This work addresses the lack of global convergence theory for Iteratively Reweighted Least Squares (IRLS) in robust subspace and affine subspace recovery. We propose a novel IRLS algorithm incorporating dynamic smoothing regularization—the first such method to guarantee global linear convergence from arbitrary initializations under nonconvex, Riemannian manifold constraints. The theoretical analysis rigorously establishes global convergence for both linear and affine subspace recovery settings, thereby filling a fundamental gap in the convergence analysis of IRLS for subspace optimization. Empirical validation on low-dimensional neural network training tasks demonstrates superior convergence speed and robustness compared to standard approaches. The key innovation lies in the intrinsic coupling of smoothing regularization with the IRLS iteration, overcoming classical local convergence limitations. To the best of our knowledge, this is the first globally convergent IRLS variant for nonconvex optimization on Riemannian manifolds, providing the first rigorous global convergence guarantee for IRLS in subspace learning.

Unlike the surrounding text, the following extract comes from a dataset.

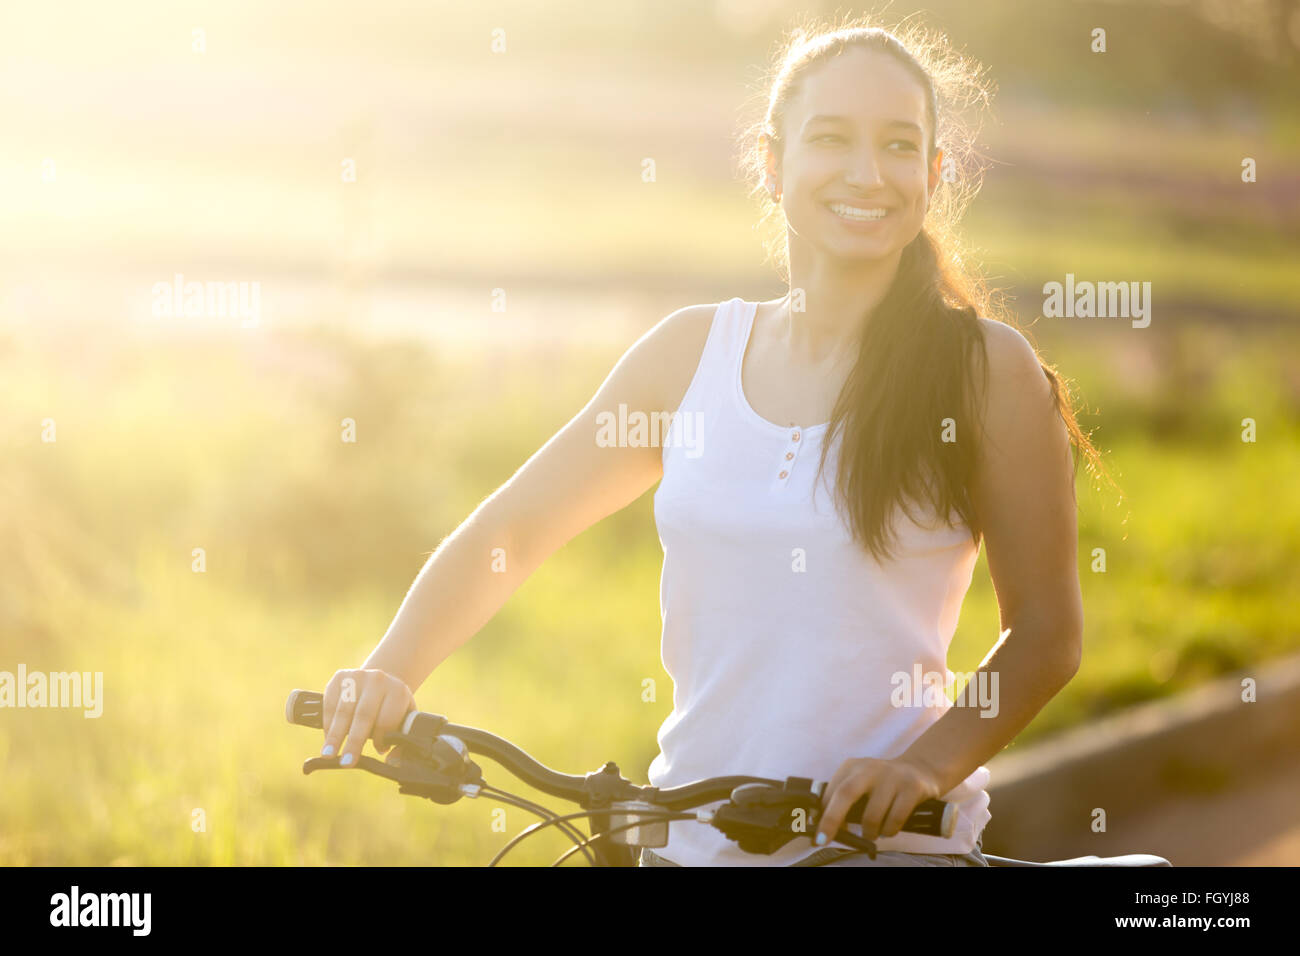 Ritratto di ridere giovani asiatici-caucasica modello femminile sulla bici di indossare un abbigliamento informale sulla strada luminosa giornata estiva Foto Stock

Robust subspace estimation is fundamental to many machine learning and data analysis tasks. Iteratively Reweighted Least Squares (IRLS) is an elegant and empirically effective approach to this problem, yet its theoretical properties remain poorly understood. This paper establishes that, under deterministic conditions, a variant of IRLS with dynamic smoothing regularization converges linearly to the underlying subspace from any initialization. We extend these guarantees to affine subspace estimation, a setting that lacks prior recovery theory. Additionally, we illustrate the practical benefits of IRLS through an application to low-dimensional neural network training. Our results provide the first global convergence guarantees for IRLS in robust subspace recovery and, more broadly, for nonconvex IRLS on a Riemannian manifold.